Exercise brief
From the line holding "Coffee Urban Oak" through the line holding "I can't keep" below, write out every line exactly; include both of those lines and drop the pictures.

___ Input data

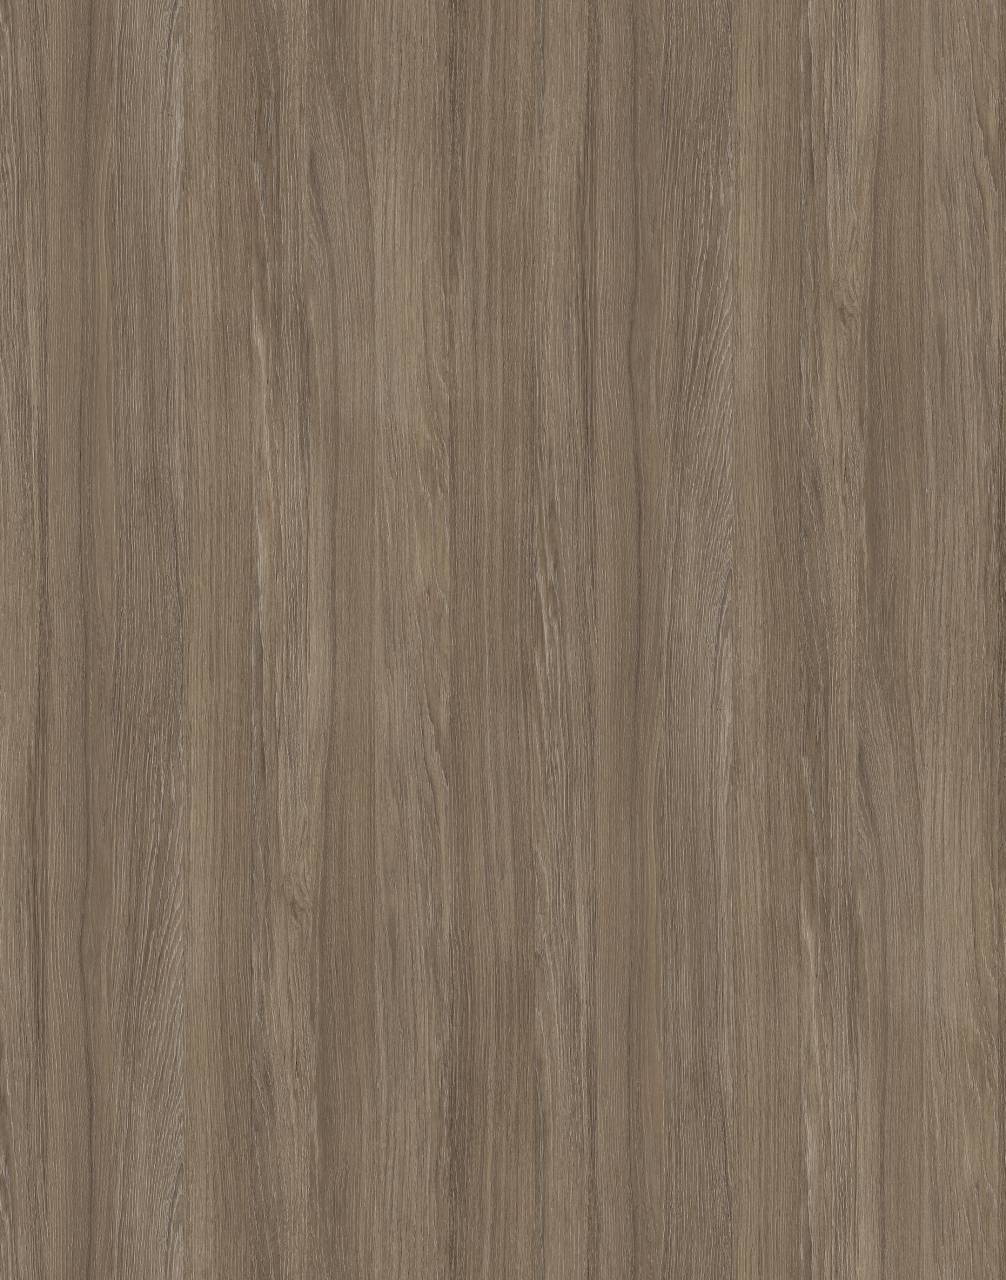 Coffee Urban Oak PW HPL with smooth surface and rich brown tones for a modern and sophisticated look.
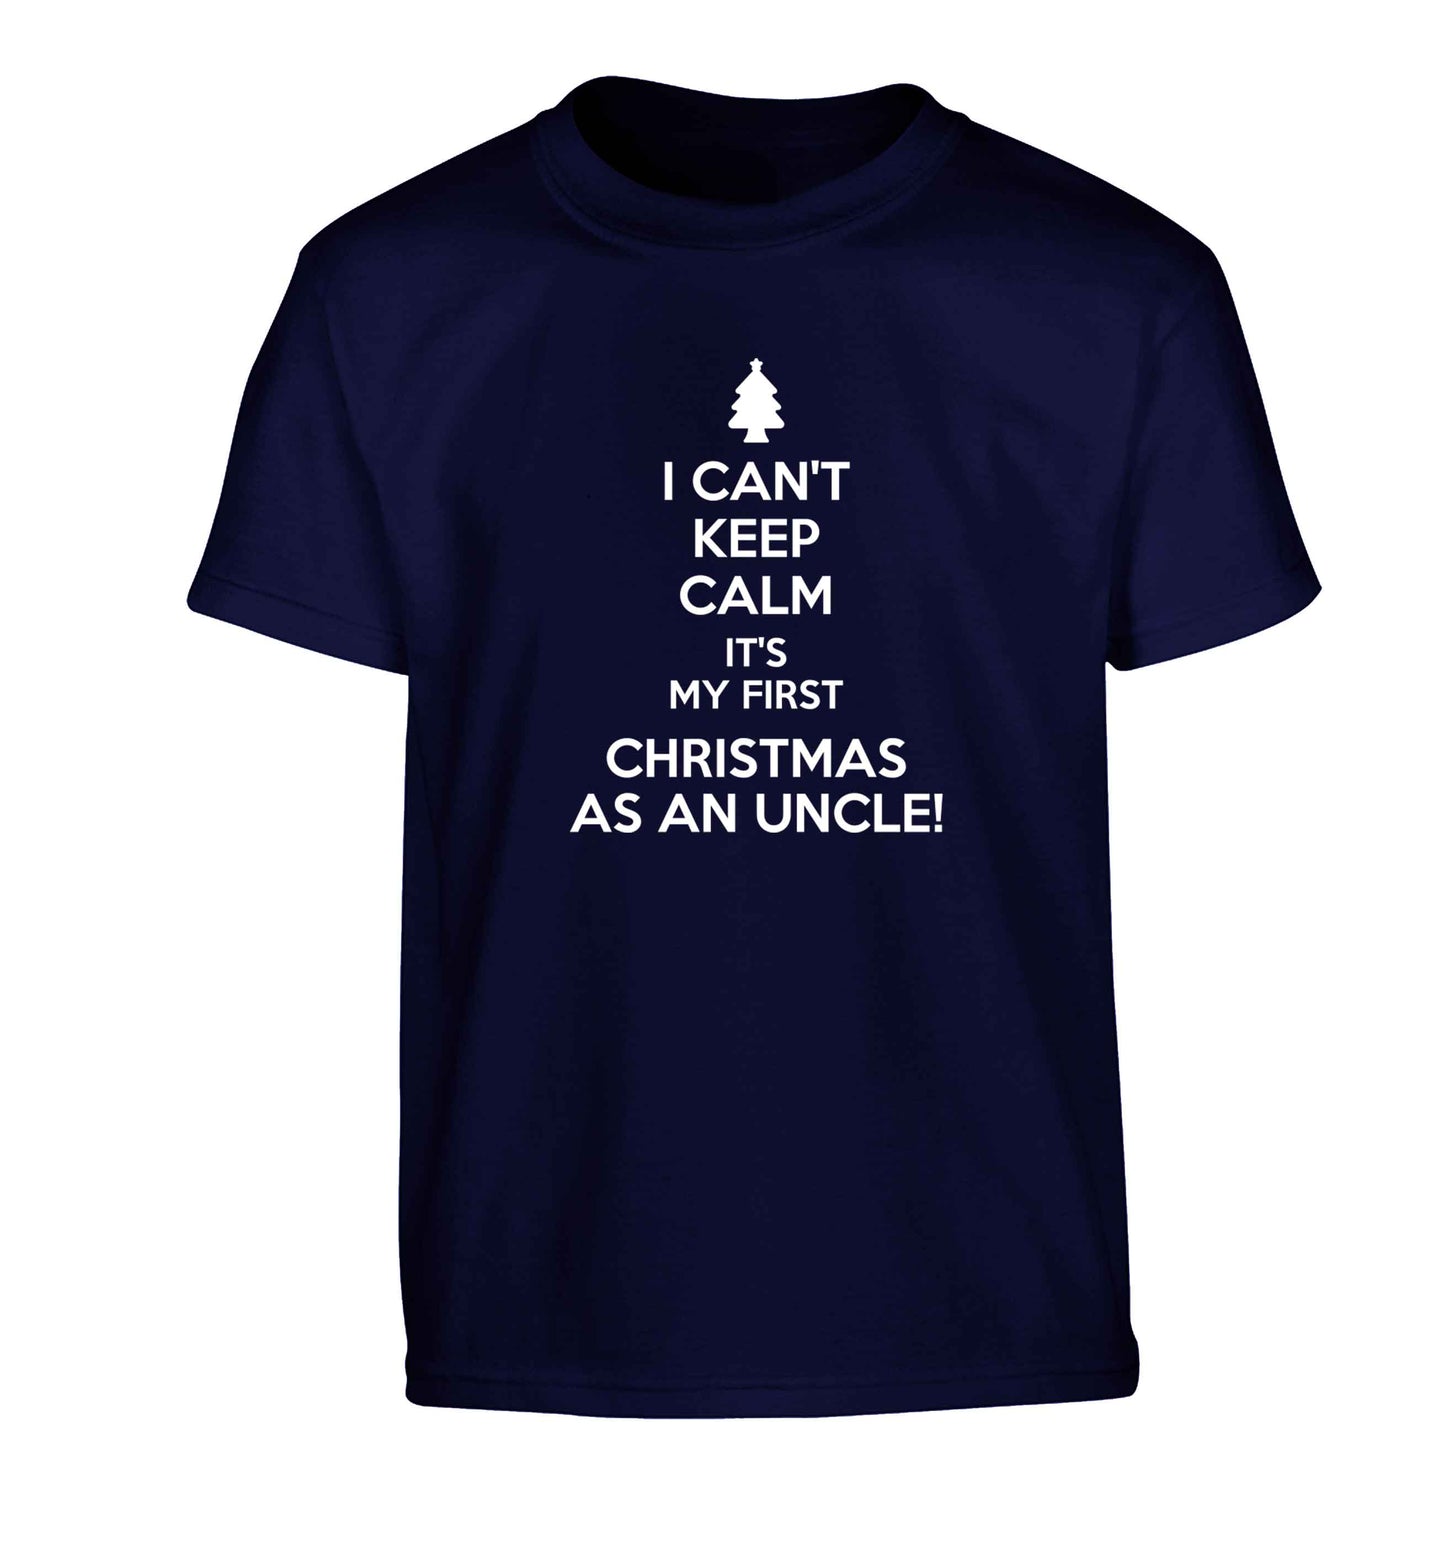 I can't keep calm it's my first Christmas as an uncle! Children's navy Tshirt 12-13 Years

______
___ Input data

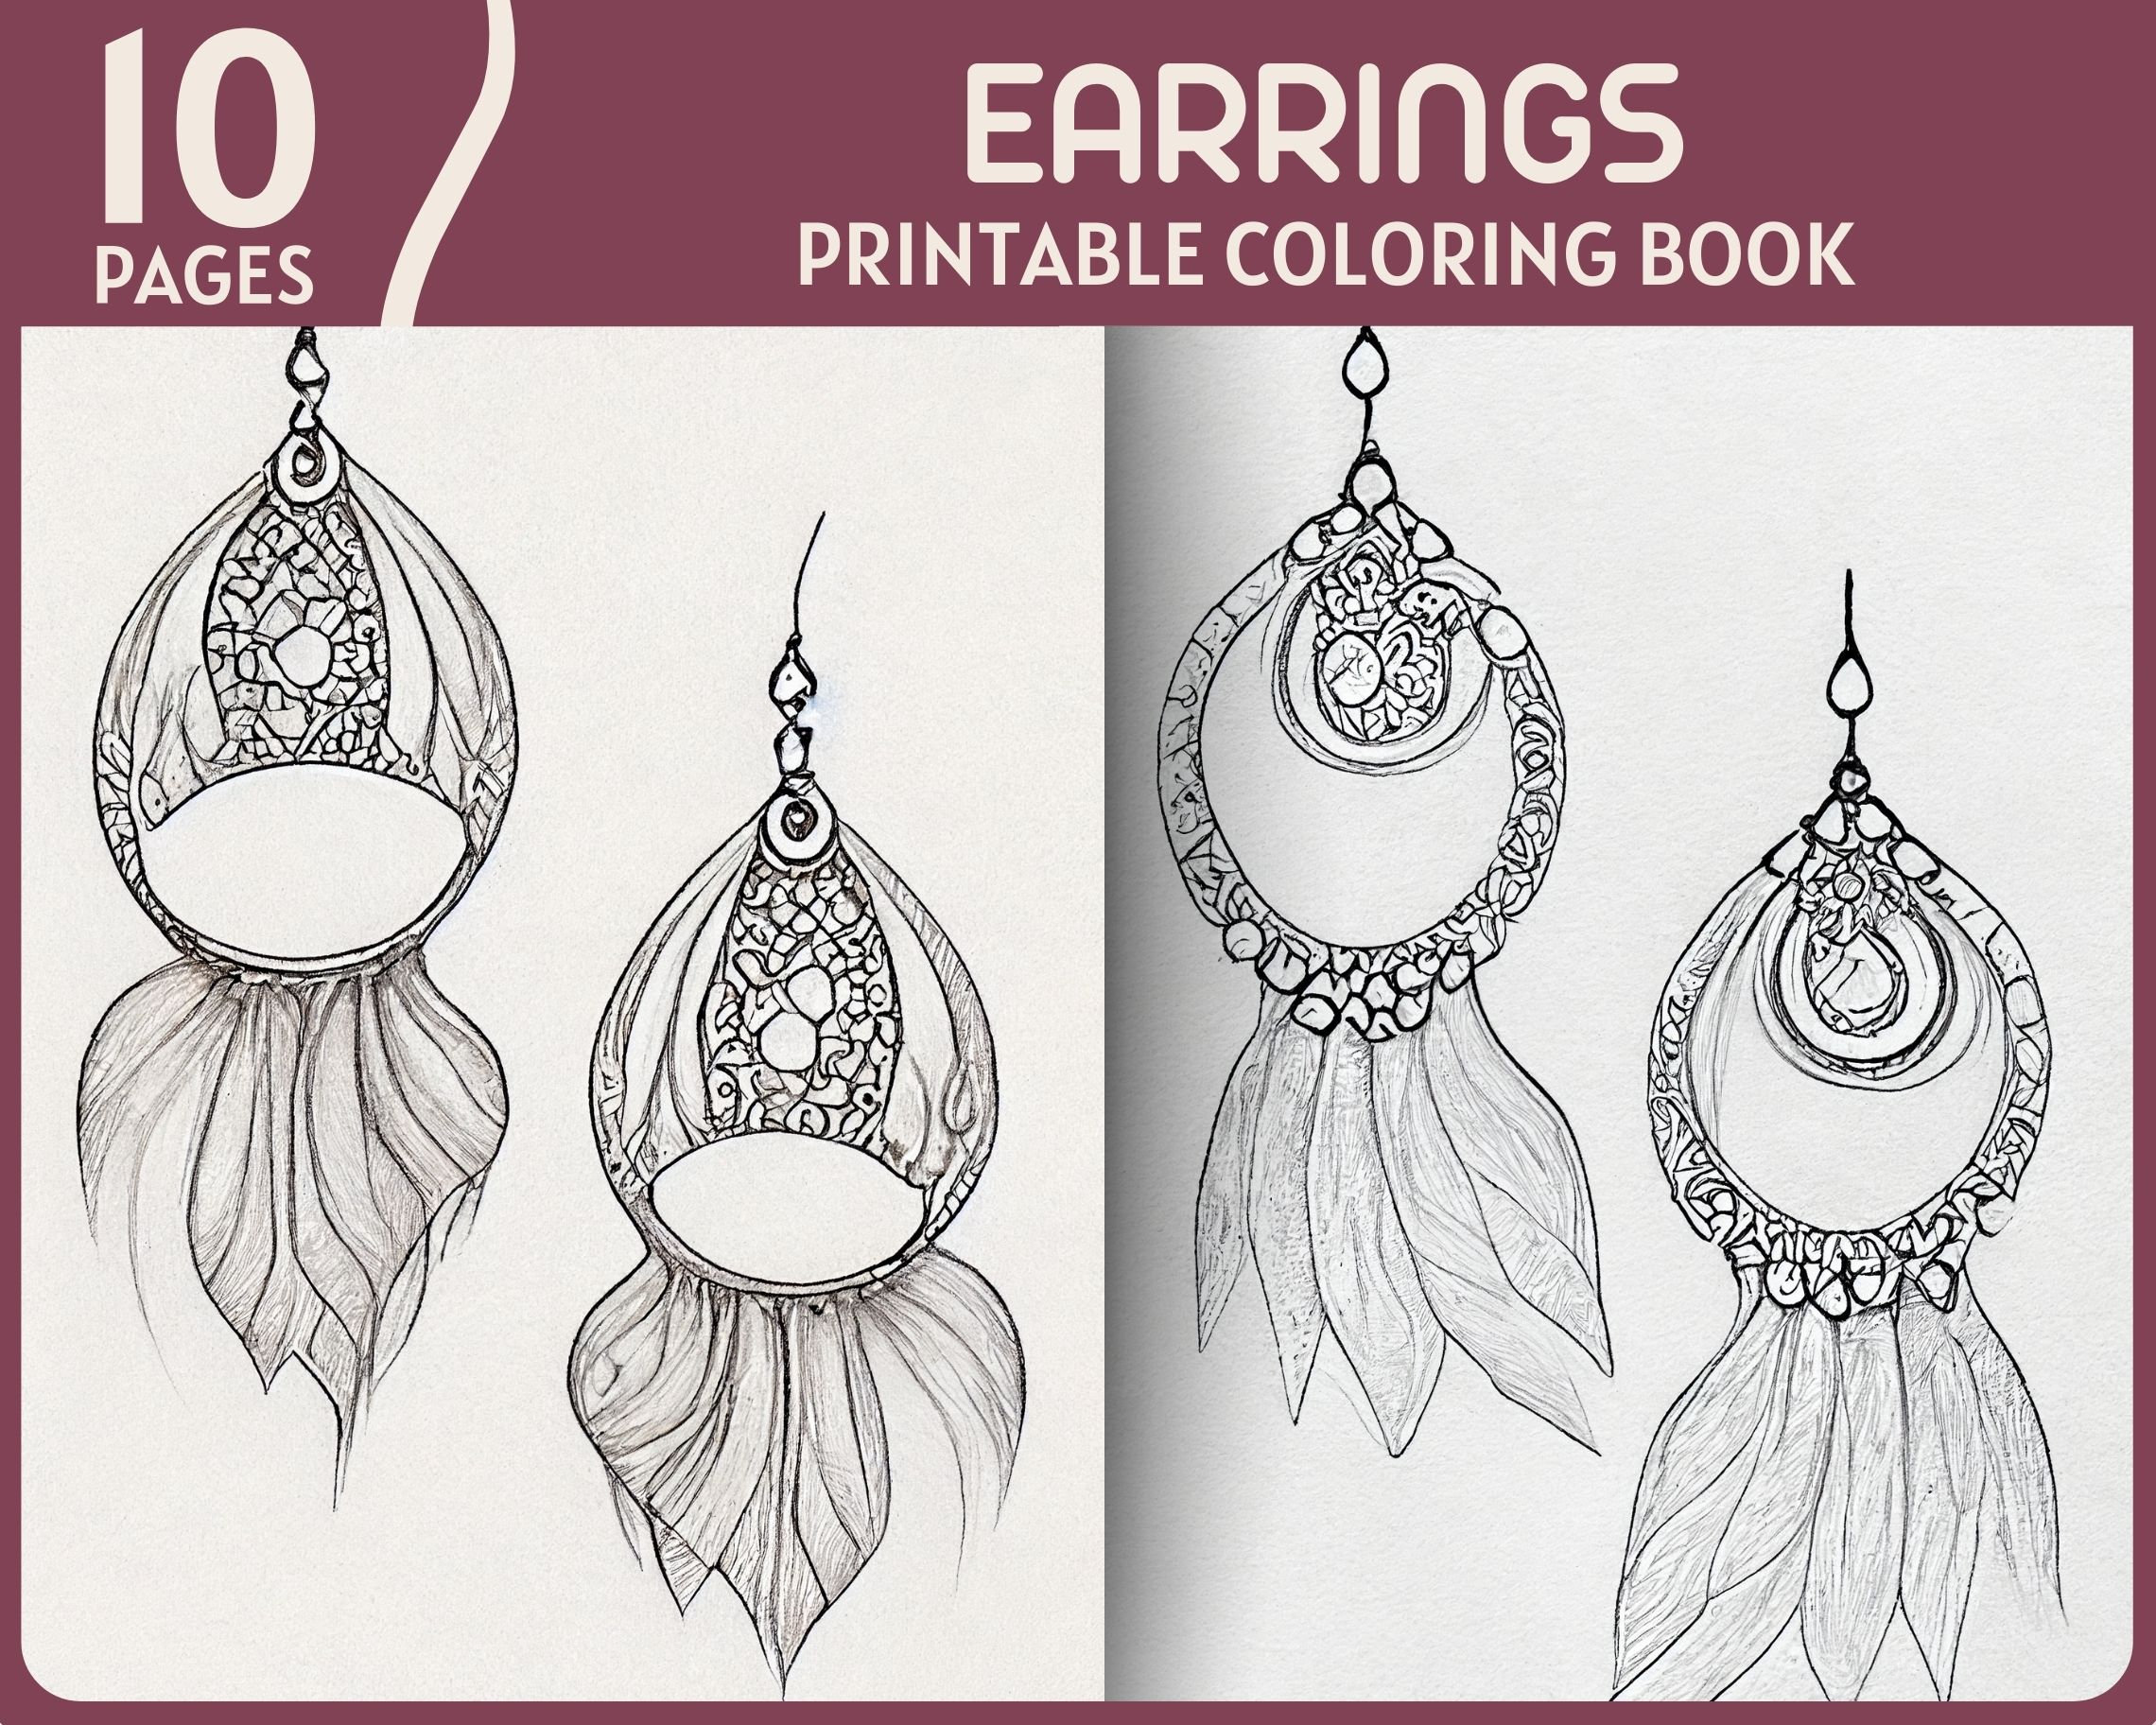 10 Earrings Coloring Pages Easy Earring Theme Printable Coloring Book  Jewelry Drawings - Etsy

______

Finished task
 Coffee Urban Oak PW HPL with smooth surface and rich brown tones for a modern and sophisticated look.
 I can't keep calm it's my first Christmas as an uncle! Children's navy Tshirt 12-13 Years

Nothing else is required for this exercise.